§ WHAT NEEDS TO BE DONE
Reproduce the listing word for word. Skip any image.

§ SOURCE DATA
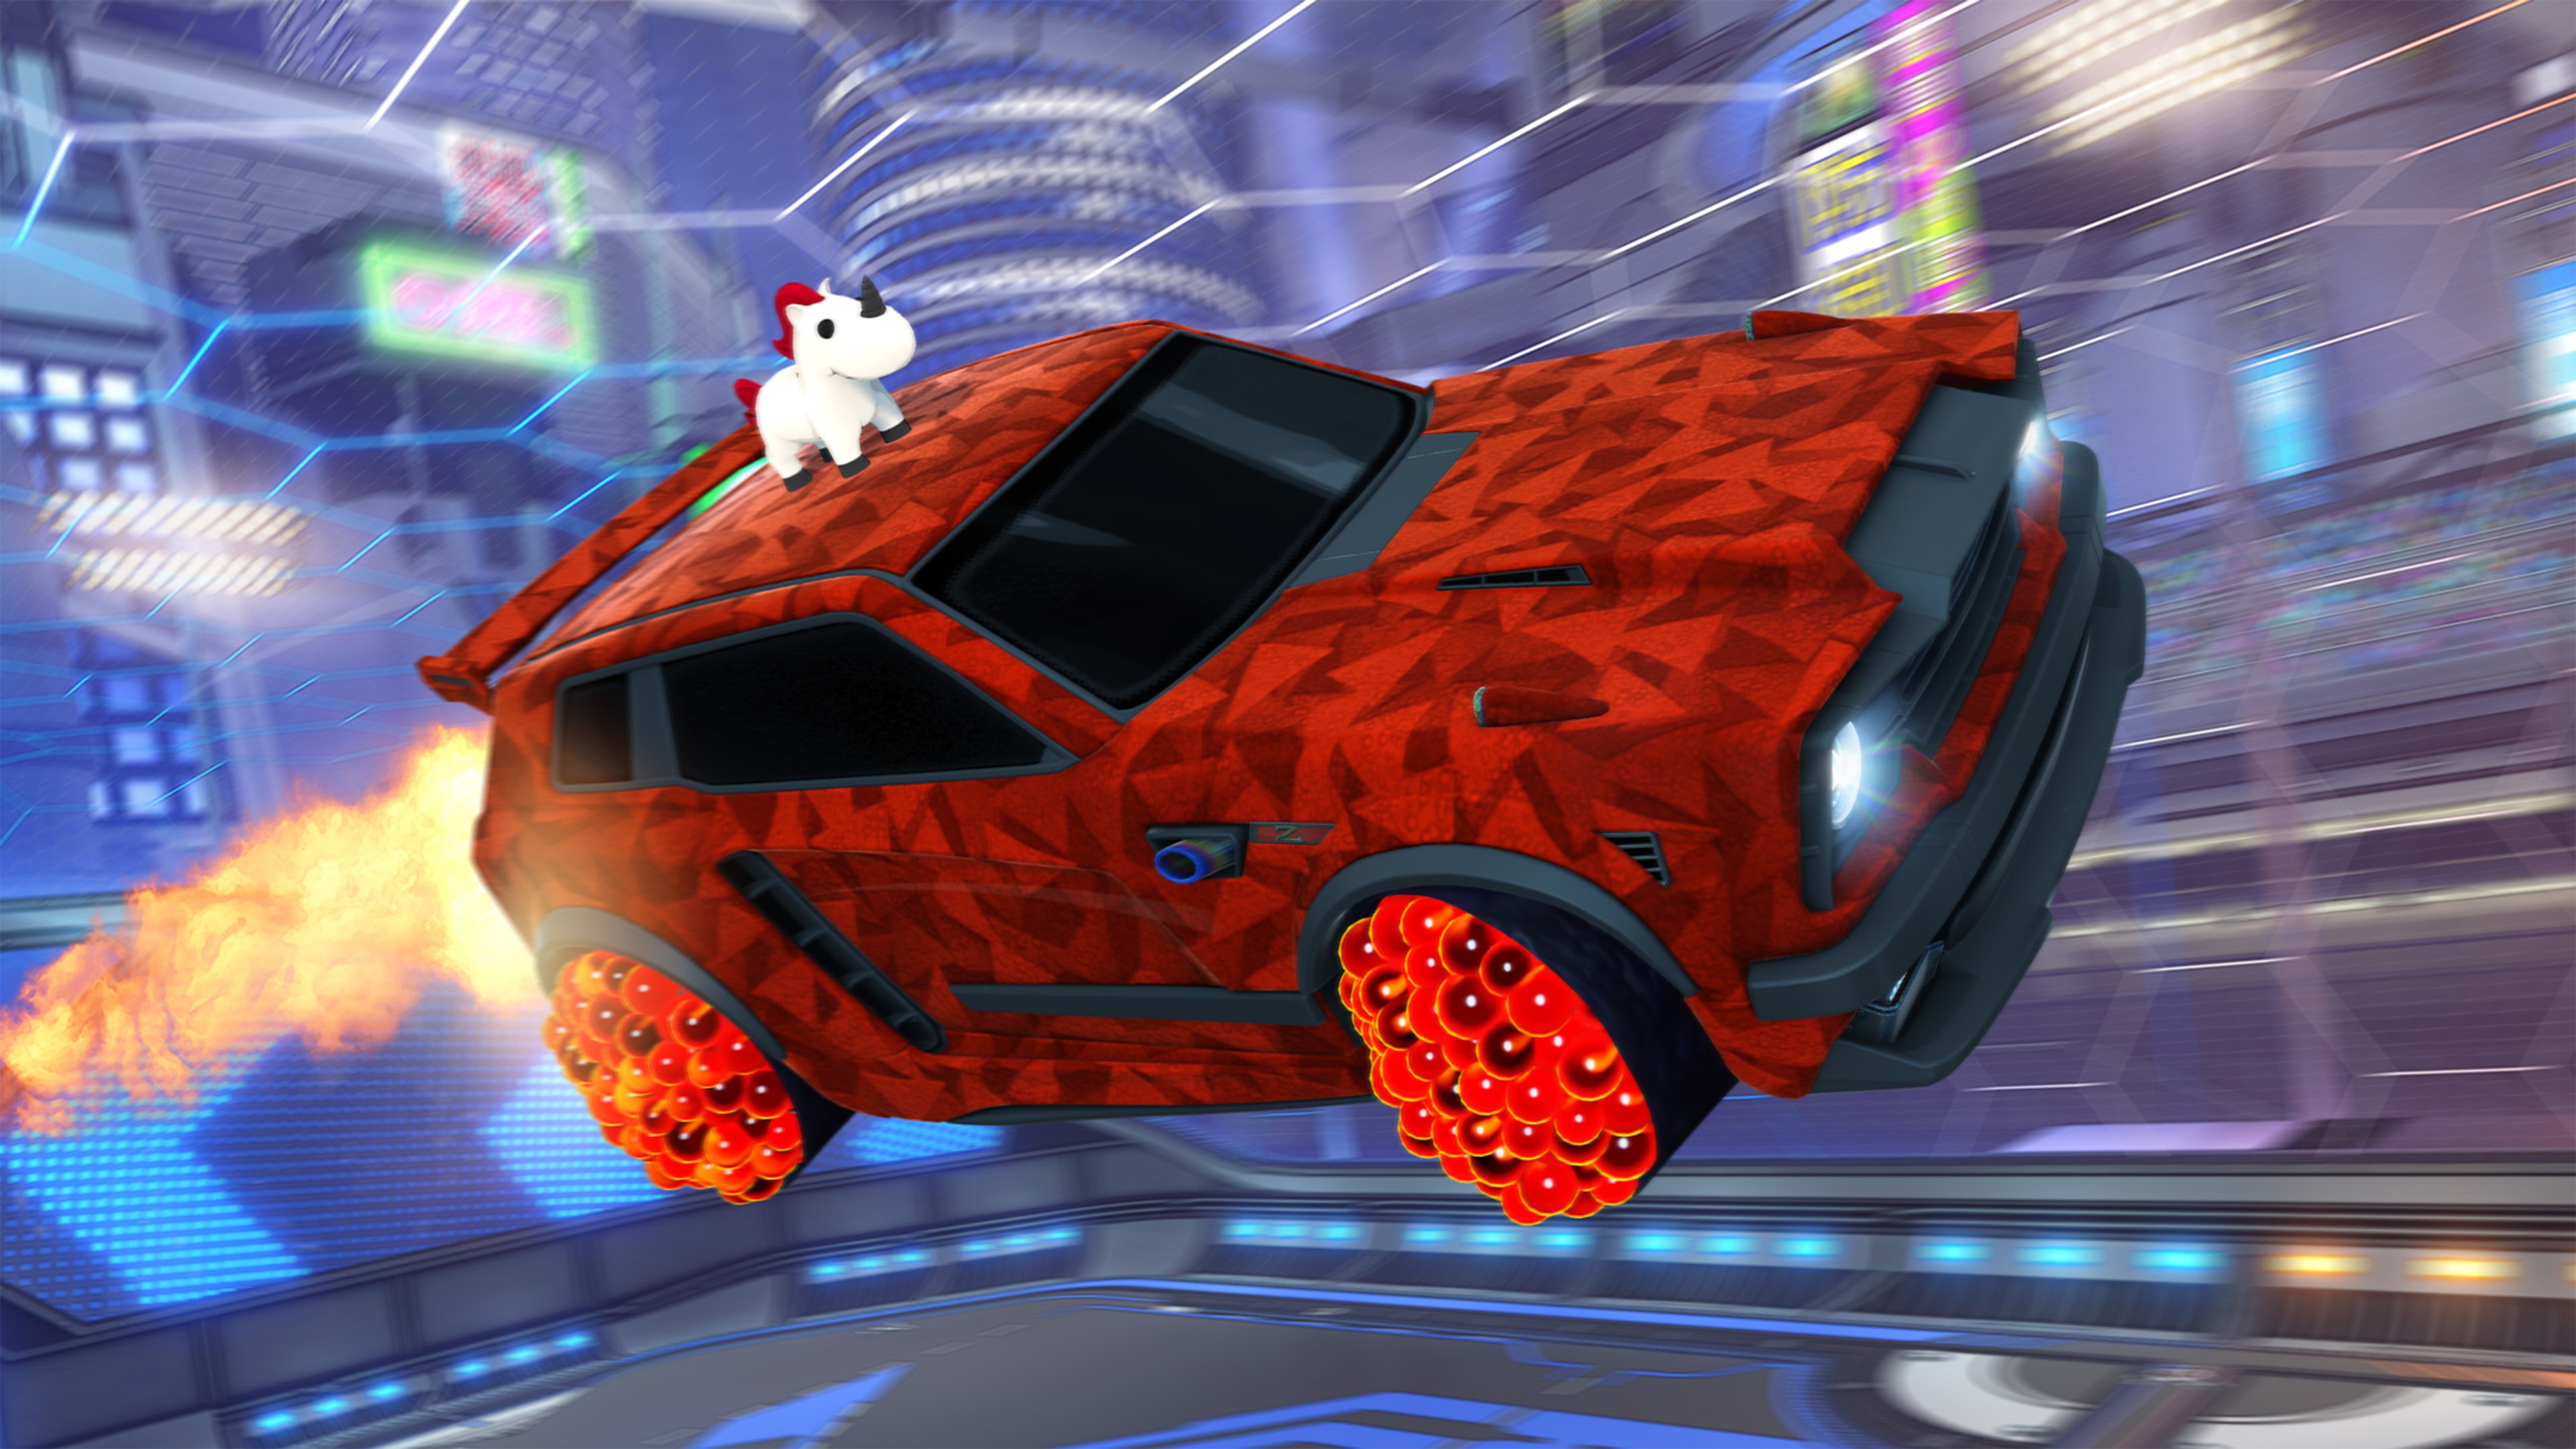 《火箭联盟》截屏展示车顶有形似独角兽的动物、红色几何图案涂装的赛车
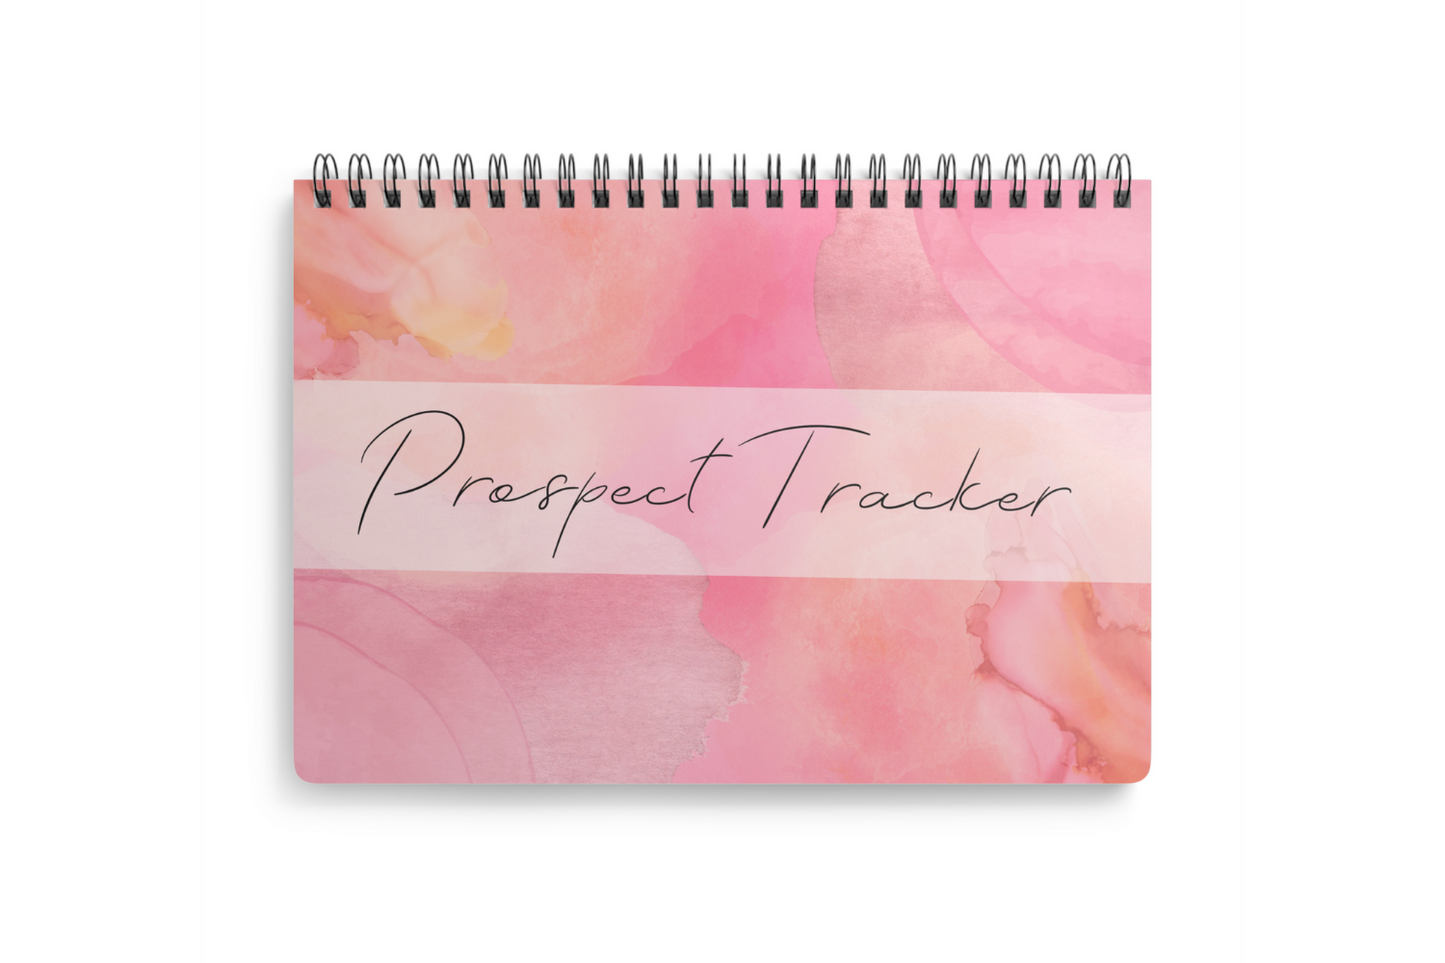 Prospect Tracker
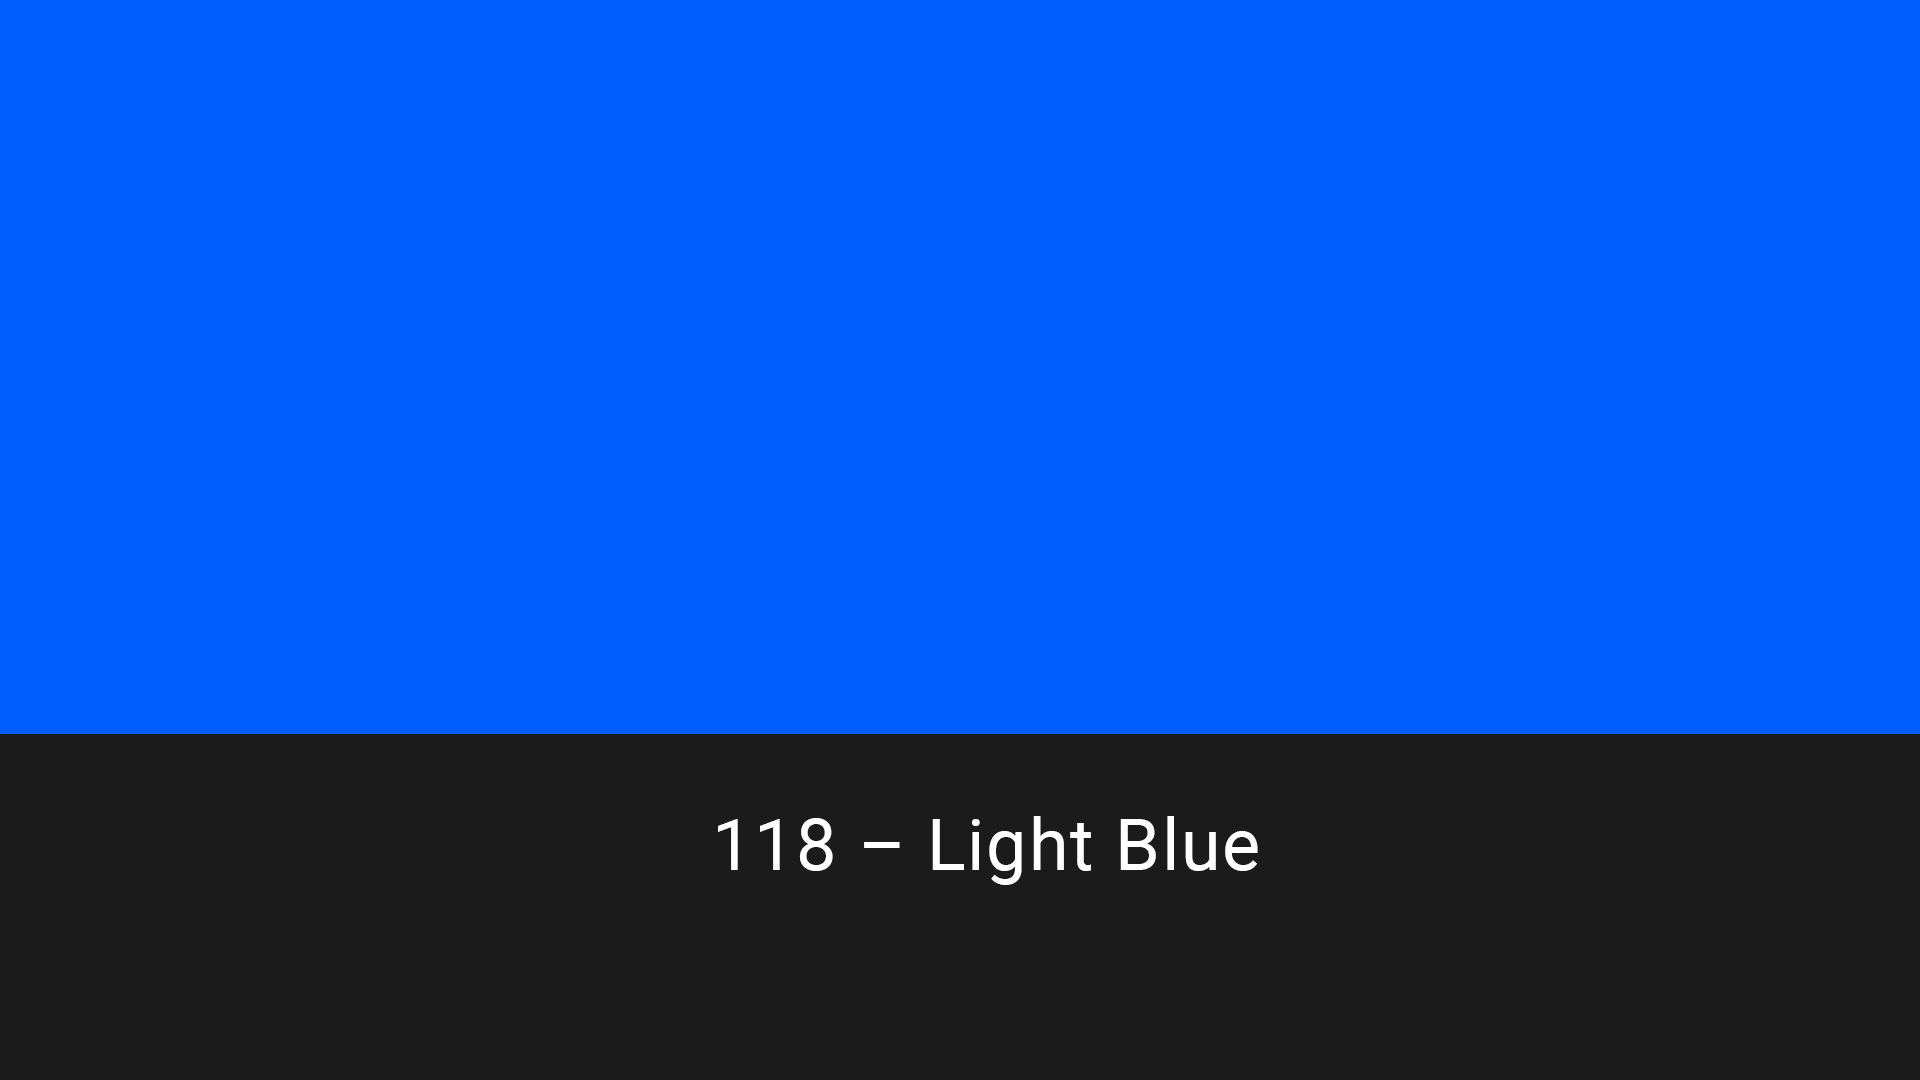 Cotech filters 118 Light Blue

§ WRITTEN ANSWER
 《火箭联盟》截屏展示车顶有形似独角兽的动物、红色几何图案涂装的赛车
 Prospect Tracker
 Cotech filters 118 Light Blue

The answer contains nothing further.